В настоящем томе три очерка «Карандашом с натуры» печатаются по тексту «Самарского вестника», сверенному с предшествующей публикацией.
В связи с тем, что публикация этих очерков в «Самарском вестнике» была выявлена уже в процессе работы над томом, а также вследствие отсутствия полной уверенности в том, что не было последующих публикаций последнего очерка, — он дан в конце тома, в разделе «Приложение».
Стр. 472. …демидовские заводы…-- Братья Демидовы — уральские горнопромышленники. Жесточайшая эксплуатация на демидовских заводах неоднократно приводила к восстаниям.
Стр. 479. …при Муравьеве в отставку вышел.-- По-видимому, имеется в виду H. H. Муравьев-Амурский (1809—1881), в 1847—1861 годах генерал-губернатор Восточной Сибири.
Стр. 483. …с дантовской надписью…-- Имеется в виду надпись над воротами в ад в «Божественной комедии» Данте («Ад», песнь третья).

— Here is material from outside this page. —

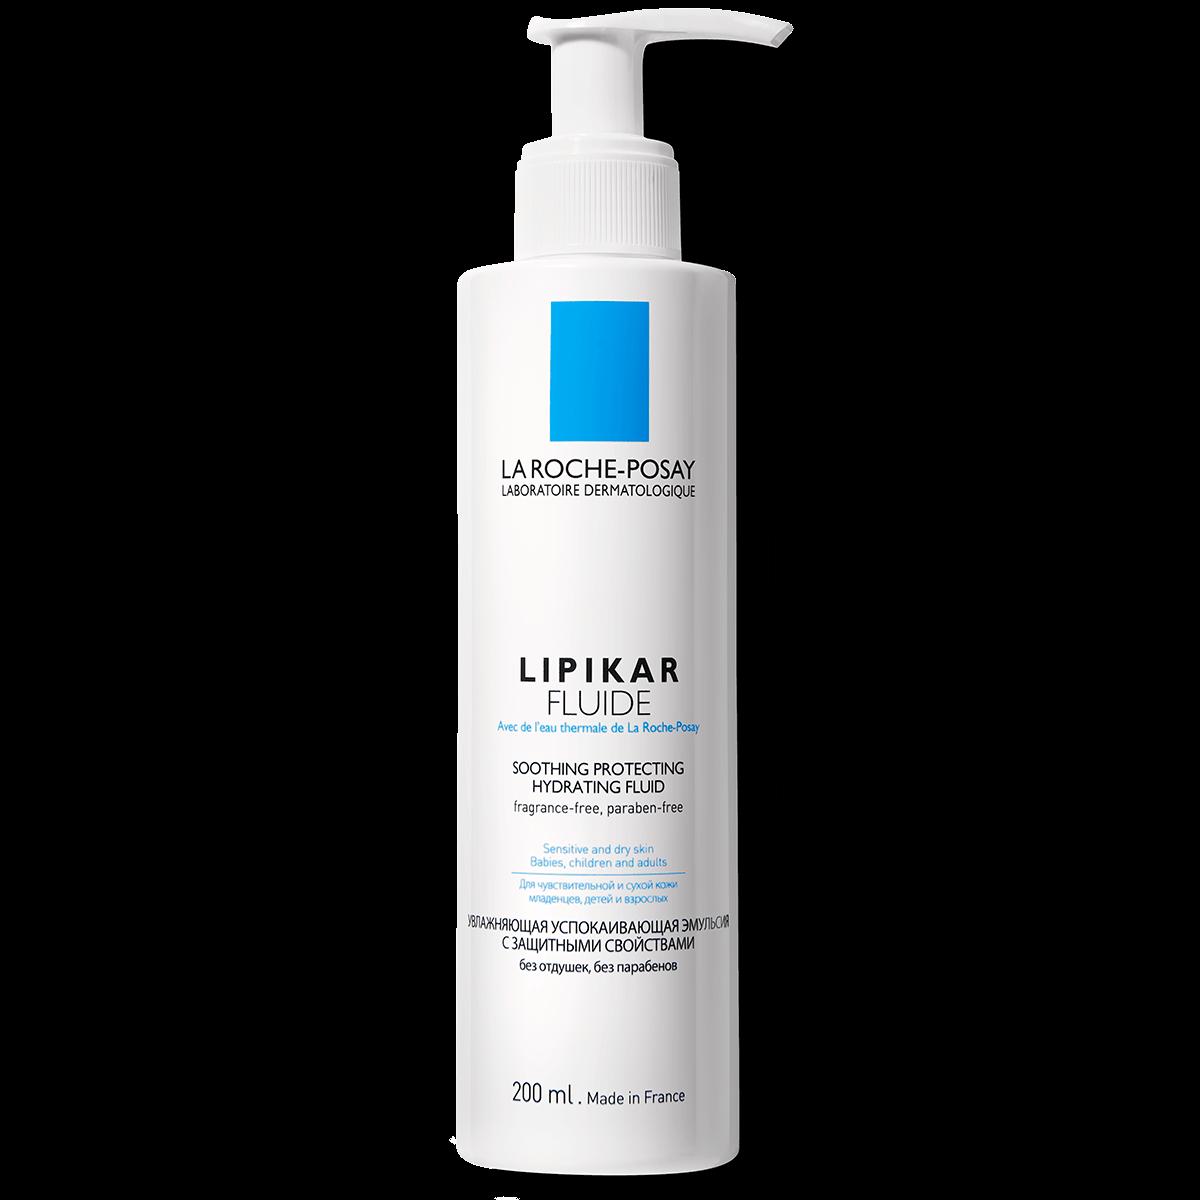 La Roche Posay ProductPage Eczema Lipikar Fluide 200ml 3337872420603 F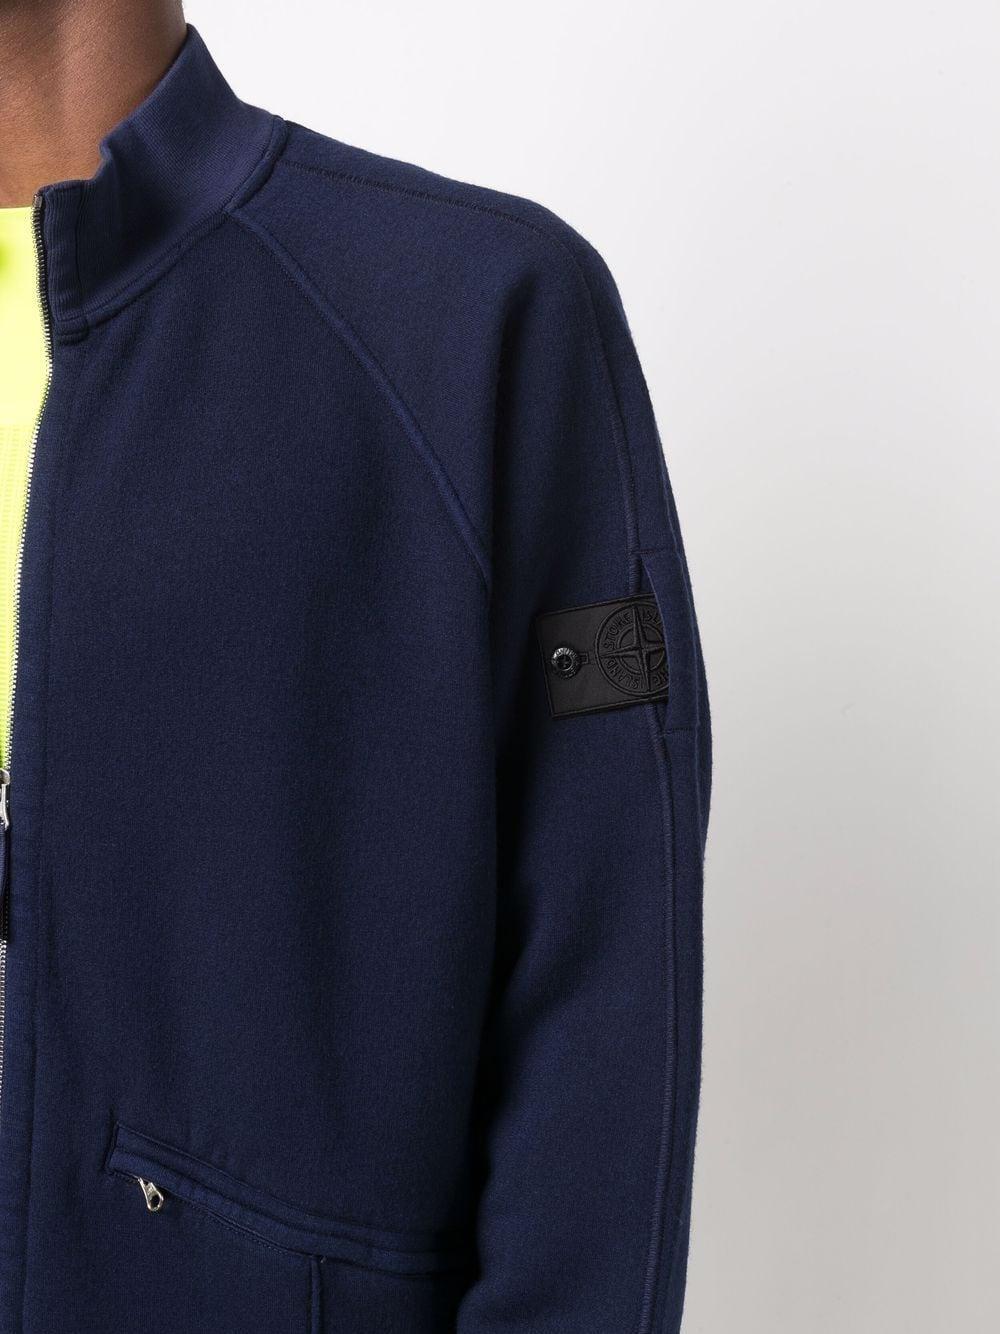 blended wool jacket man blue STONE ISLAND SHADOW PROJECT | Jackets | 751960310V1027

Стр. 488. Кабинетская [земля]… — Кабинетскими землями в царской России назывались земли, составлявшие собственность лиц царской семьи и находившиеся в ведении «Кабинета его величества».
Государственные крестьяне — особый разряд крестьянства XVIII и первой половины XIX века; заселяли земли, принадлежавшие казне. Положение государственных крестьян было легче, чем помещичьих крепостных: закон разрешал им переходить в другие сословия, менять место жительства и др.
- ↑ Оставьте надежду, входящие сюда (итал.).
- ↑ Я говорю о треугольнике, вершина которого Томск, а база — село Кривощеково на реке Оби (где назначен железнодорожный мост через Обь) и село Талы на реке Томи (железнодорожный мост через реку Томь). (Прим. Н. Г. Гарина-Михайловского.)
- ↑ Башурино — село в двадцати пяти верстах от Томска. (Прим. Н. Г. Гарина-Михайловского.)